Теперь-то уж понимаю, что вопрос не ко мне, а к кому-то, и любовь его была не к Франческе, а к кому-то. В том числе, и к Франческе, может быть.
Но идея любви постепенно совместилась с идеей любви к музыке. В том числе и к музыке Чайковского. И это не так уж неверно: «Ромео и Джульетта», «Манфред», «Итальянское каприччио», та же «Франческа да Римини»… Не говоря уж о симфониях. Мы, киевляне, свидетели: на протяжении многих лет каждое исполнение, каждый концерт был событием.
А вот эти строки из отцовского письма, где речь о довоенном Рахлине и «Франческе». Так что зря Вы сердитесь, Натан Григорьевич.
— Леня, — обращается он к моему сыну, — можно у кого-нибудь из соседей раздобыть гитару?
Для меня это неожиданность. То, что Рахлин играет на оркестровых инструментах — известно (особенно хорошо на медных духовых, сказывается школа военного оркестра). То, что, по его же признанию, любой инструмент (кроме фортепиано!) ему доступен — тоже знали. То, как однажды, в юности, вышел из аварийного положения тем, что срочно раздобыл баян и исполнил перед конкурсной комиссией Тему с вариациями из Седьмой симфонии Бетховена — знали от него же.
Но гитара!?
Через минуту мы перестали понимать, что происходит. Ни до, ни после ничего подобного мы не слышали.
Это не было произведением с началом и концом, это была импровизация без обозначенной мелодии (лишь иногда казалось, что где-то возникают очертания танцев Гранадоса), это была прихотливая игра динамики звука и ритма, а звук возникал откуда-то из глубины инструмента, но сейчас Натан приник, припал ухом к грифу, а гитару прижал к себе, и все ради этого удивительного звука, который и гитарным назвать — сильное преуменьшение.
Натан улыбается: — Ты впервые слышишь?
Он взял несколько аккордов и начал рассказывать, что…
…Что когда приезжал Сеговия (Сеговия! Первый в мире гитарист, легендарный испанец), так вот, когда приезжал Сеговия, мы встретились, и я ему играл. Знаешь, что он сказал? Что он не будет играть там, где играл Рахлин. Потому что Рахлин это делает лучше.
Я не буду рассуждать «было — не было», это не имеет значения. Я памятую отцовское письмо и понимаю: что бы он ни говорил, он говорит правду. И если Сеговия еще этого не говорил, то непременно скажет. Хоть давно уж его нет. Их нет.
Натан Григорьевич отложил дешевенькую соседскую гитару, похлопав ее по дереву, — спасибо, мол, не подвела, — поднялся и сказал:
— А теперь поджарь мне картошку. Вон в той большой сковородке. Только не говори моим домашним.
Прошло много лет. Киевский Оперный театр. Торжественный концерт. Прекрасный дирижер.
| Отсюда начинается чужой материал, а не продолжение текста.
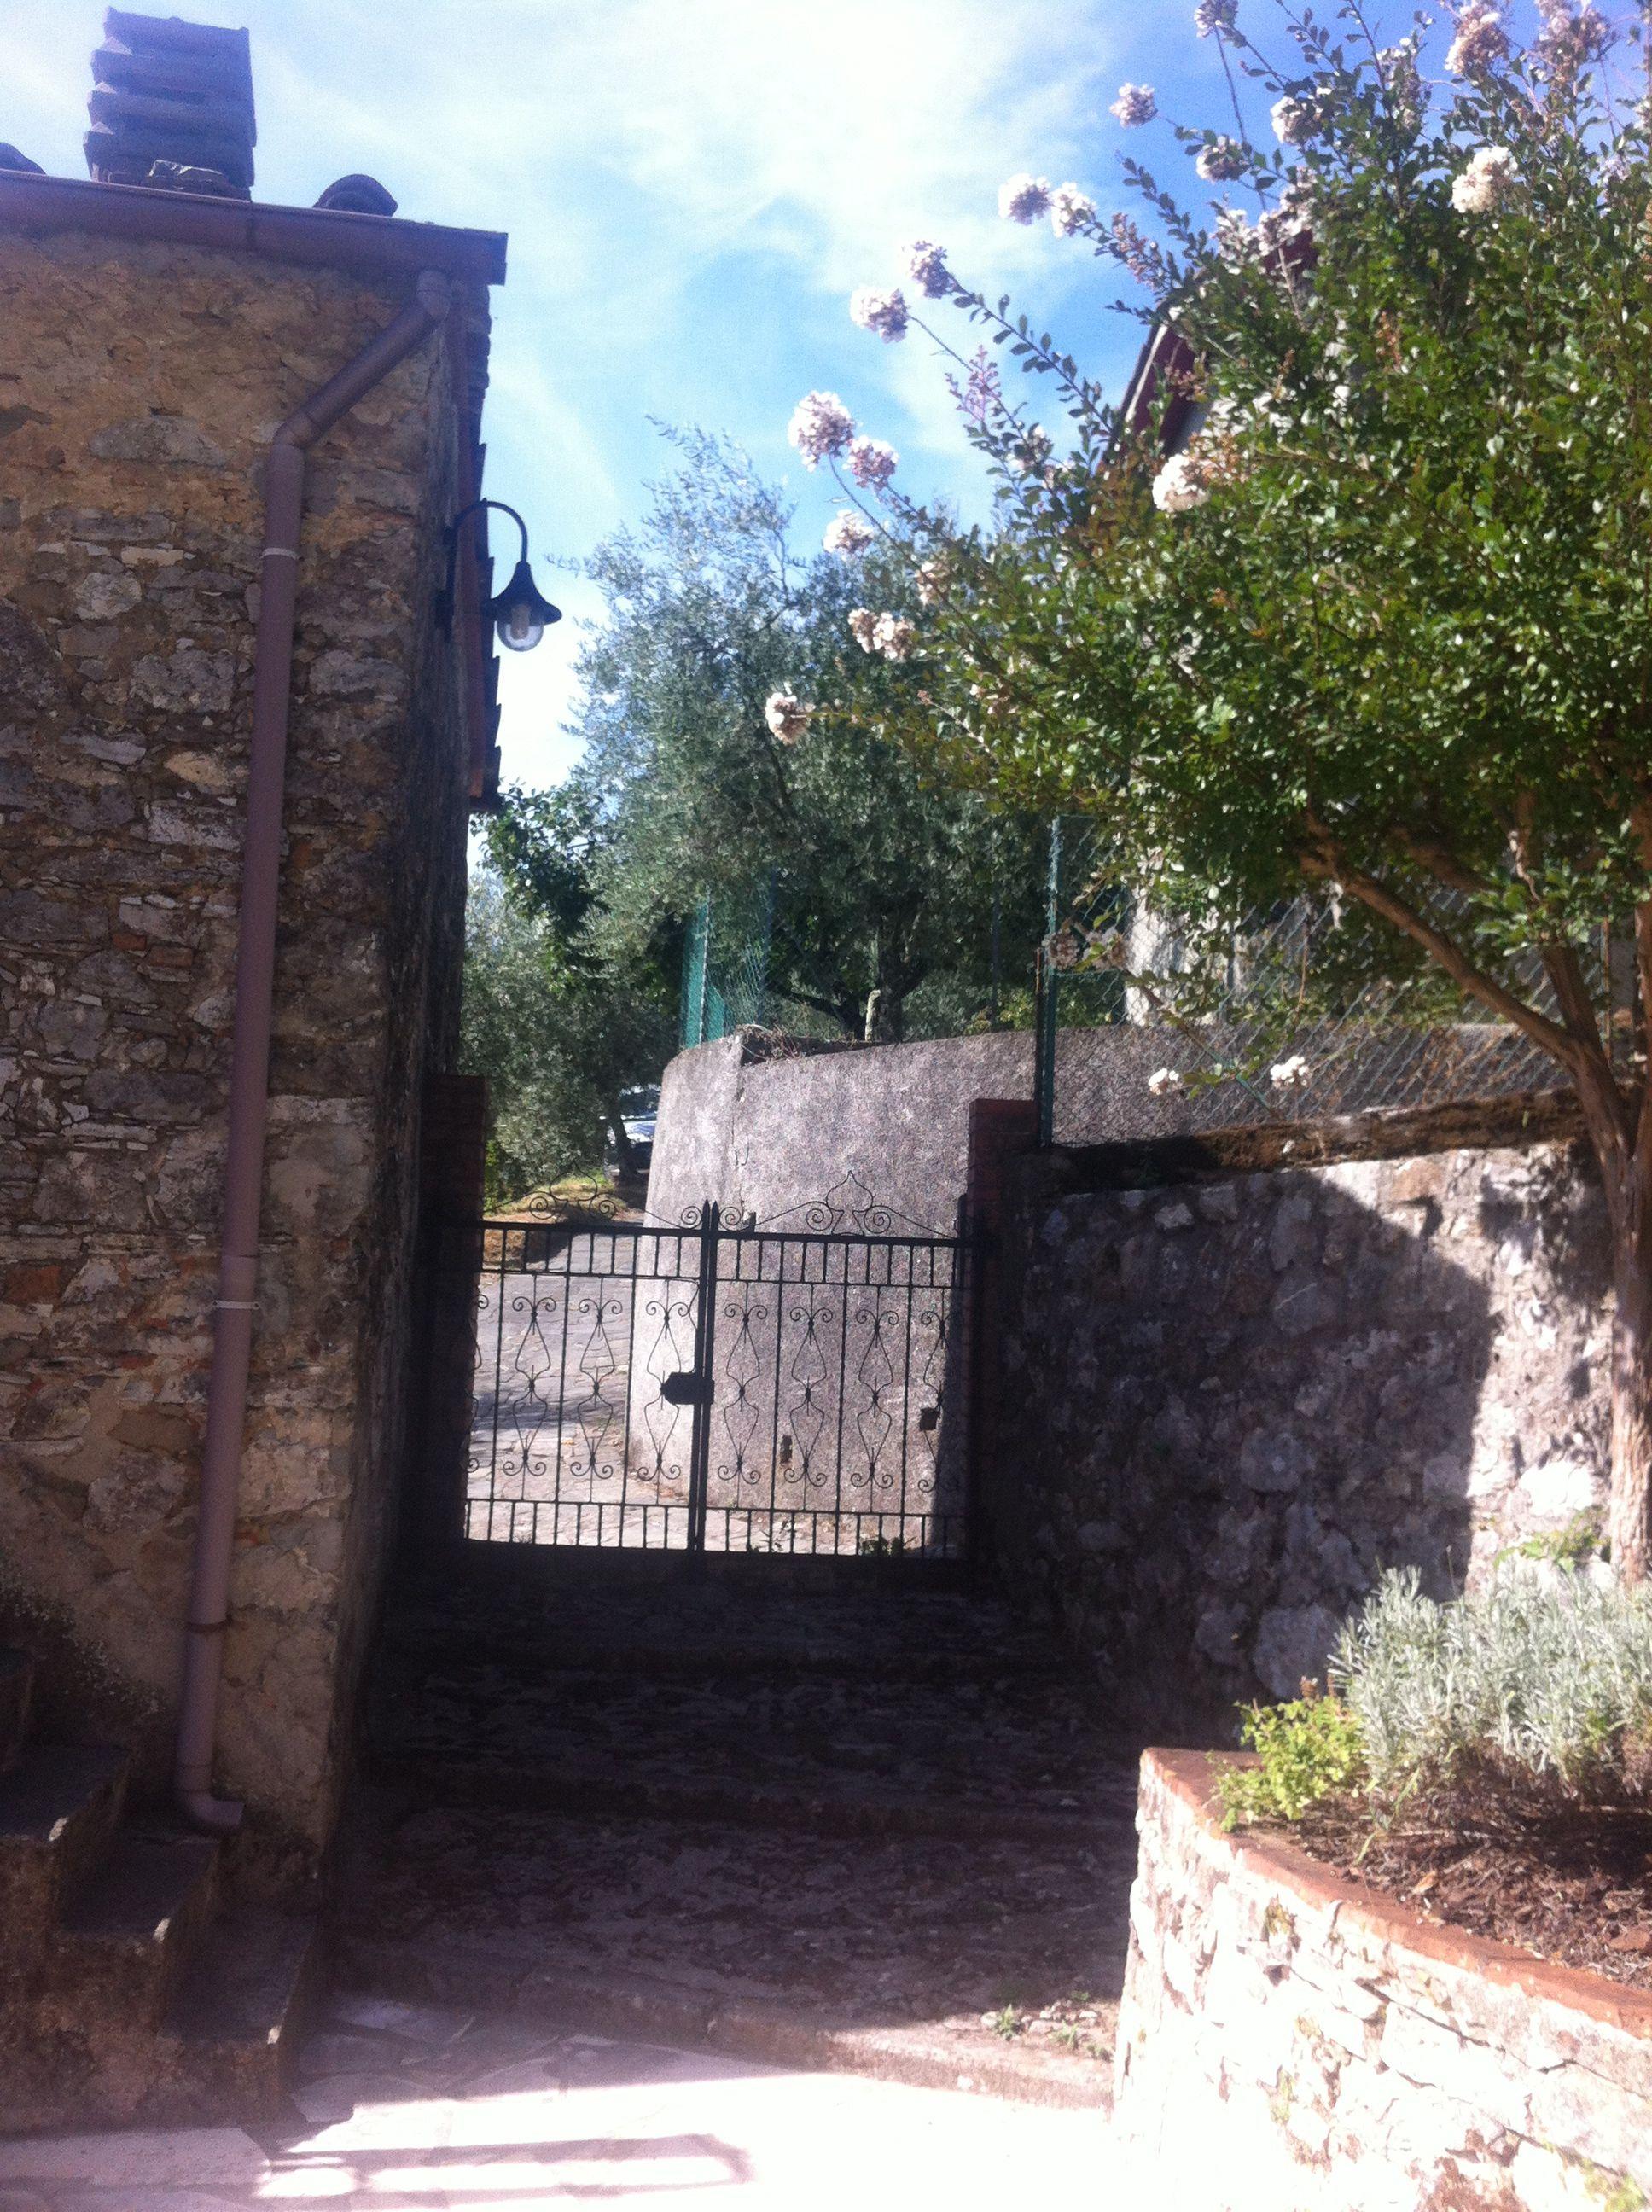 #entry #Casa dei Sogni #Tuscany

Шестая симфония Чайковского.
В антракте бывшая консерваторская однокурсница находит меня, и мы буквально в один голос говорим:
— Хорошо играют. Но мы траченные люди. Мы слушали Шестую в исполнении Рахлина. Всё. Никого кроме.
МиВ
Всего на свете двое есть — совесть да смерть.
Машина затормозила у входа в корпус, из нее вышел человек и, оглядевшись, направился к крыльцу.
Проходя мимо, бросил: «Где Нина?», словно весь мир должен быть готов к ответу.
Я поняла, кто это: Миша Вайнштейн. С его женой Ниной и детьми — их двое — мы живем в тесном соседстве, дверь к двери, вот уже целый месяц здесь, в Седневе, в Доме творчества, что под Черниговом.
И сегодняшнее утро началось с волнений «приедет — не приедет?» и вот, значит, появился.
— Где Нина?
И сделал шаг ко мне.
— Ты прости… Мы ведь знакомы?
Мы никогда не виделись прежде, но это ничего. Дескать, ждали приезда и все такое… Здравствуйте.
И в этот момент на балконе первого этажа замаячила голова моего сына. Миша решительно направился к нему и совершенно неожиданно положил ладонь на его лоб. Я хорошо запомнила это движение, удивившее меня движение человека — неважно кто он, мужчина или женщина, — привыкшего опекать.
Потом много раз я буду видеть — замечать это движение среди Мишиных жестов и всякий раз заново удивляться тому, как естественно гнездится оно в Мишиной пластике, руке, в самом Мише.
— У него температура!
Температура — не то слово. Ленька был простужен, как первый простуженный человек на земле. И лежал он под одеялами, напоенный чаями из седневских трав, которыми пропахла вся комната (через годы сын признается, что этот запах он уже терпеть не мог), и так не хотелось увозить его отсюда, из этой благодати, в жаркую городскую пыль, а на балкон он выскочил, потому что «я не виноват, я машину услышал…».